We have an interpreter called %producer.pyspark that we'll be able to run in parallel.

#### Load our example dummy dataset

We have made available a 1000-row version of the [US Census adult income prediction dataset](https://www.kaggle.com/johnolafenwa/us-census-data).

![](images/zeppelin-2.jpg)

#### Start the stream of rows

We now take one row at random, and send it using our python-kafka producer. The topic will be created automatically if it doesn't exist (given that `auto.create.topics.enable` is set to true).

![](images/zeppelin-3.jpg)

### 3) Consumer

We now use the %consumer.pyspark interpreter to run our pyspark job in parallel to the producer.

#### Connect to the stream and print

Now we can run the spark stream job to connect to the topic and listen to data. The job will listen for windows of 2 seconds and will print the ID and "label" for all the rows within that window.

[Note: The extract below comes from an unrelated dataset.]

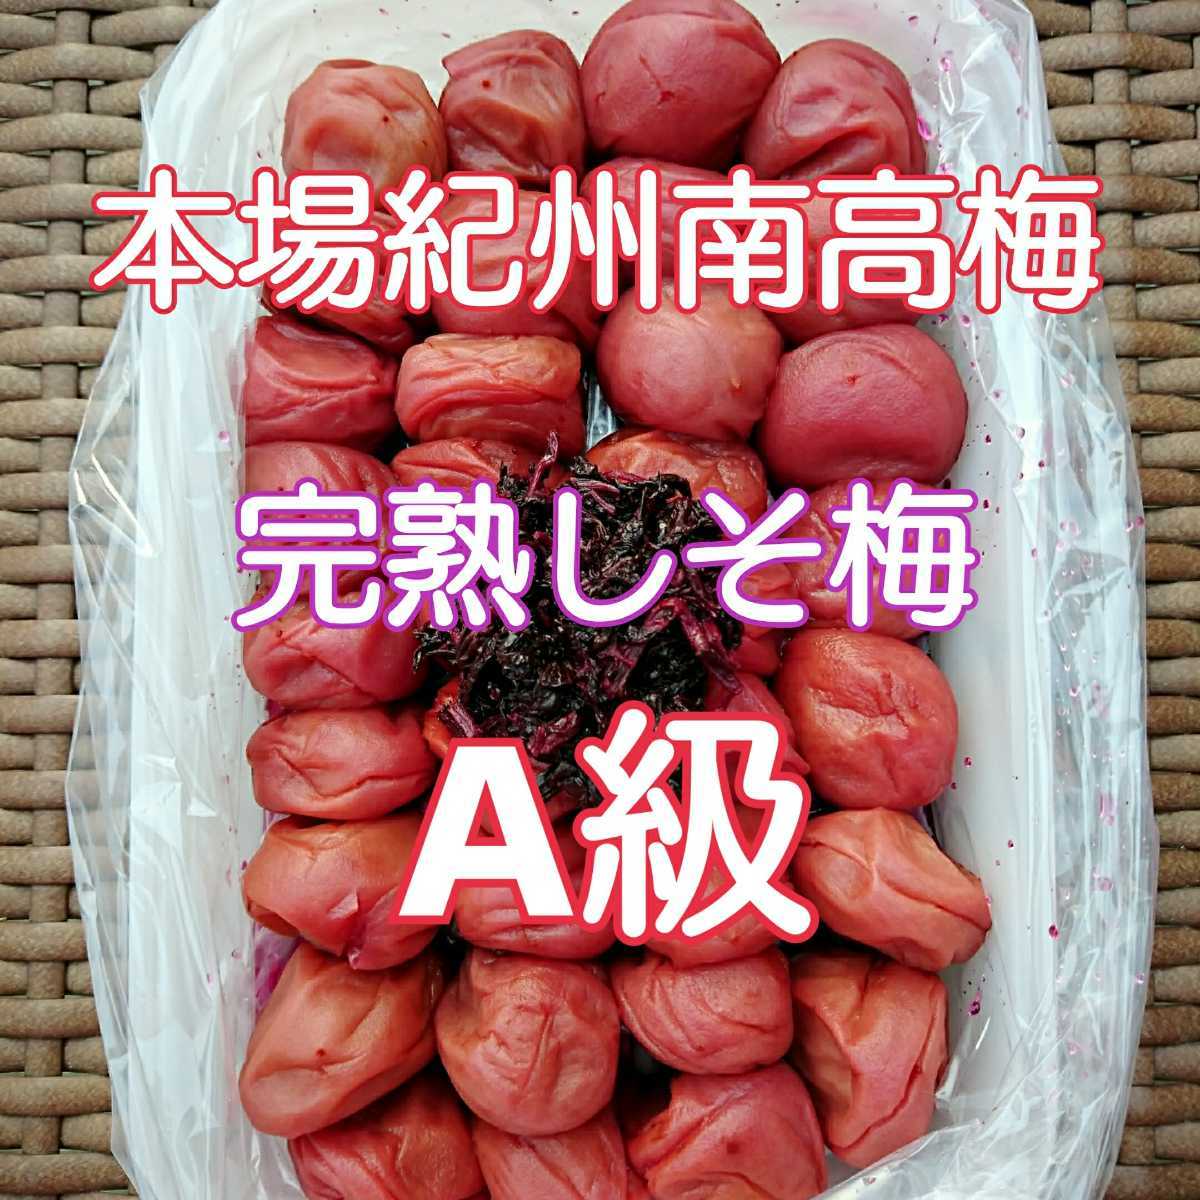 日本一梅の里 本場紀州南高梅完熟しそ梅(A級品)1kgの画像1

![](images/zeppelin-4.jpg)

### 4) Monitor Kafka

We can now use the kafka manager to dive into the current kafka setup.

#### Setup Kafka Manager

To set up kafka manager we need to configure it. In order to do this, access http://172.25.0.14:9000/addCluster and fill up the following two fields:

* Cluster name: Kafka
* Zookeeper hosts: 172.25.0.11:2181

Optionally:
* You can tick the following;
* Enable JMX Polling
* Poll consumer information

#### Access the topic information

If your cluster was named "Kafka", then you can go to http://172.25.0.14:9000/clusters/Kafka/topics/default_topic, where you will be able to see the partition offsets. Given that the topic was created automatically, it will have only 1 partition.

![](images/zeppelin-4.jpg)

#### Visualise metrics in Grafana

Finally, you can access the default kafka dashboard in Grafana (username is "admin" and password is "password") by going to http://172.25.0.16:3000/d/xyAGlzgWz/kafka?orgId=1

![](images/grafanakafka.jpg)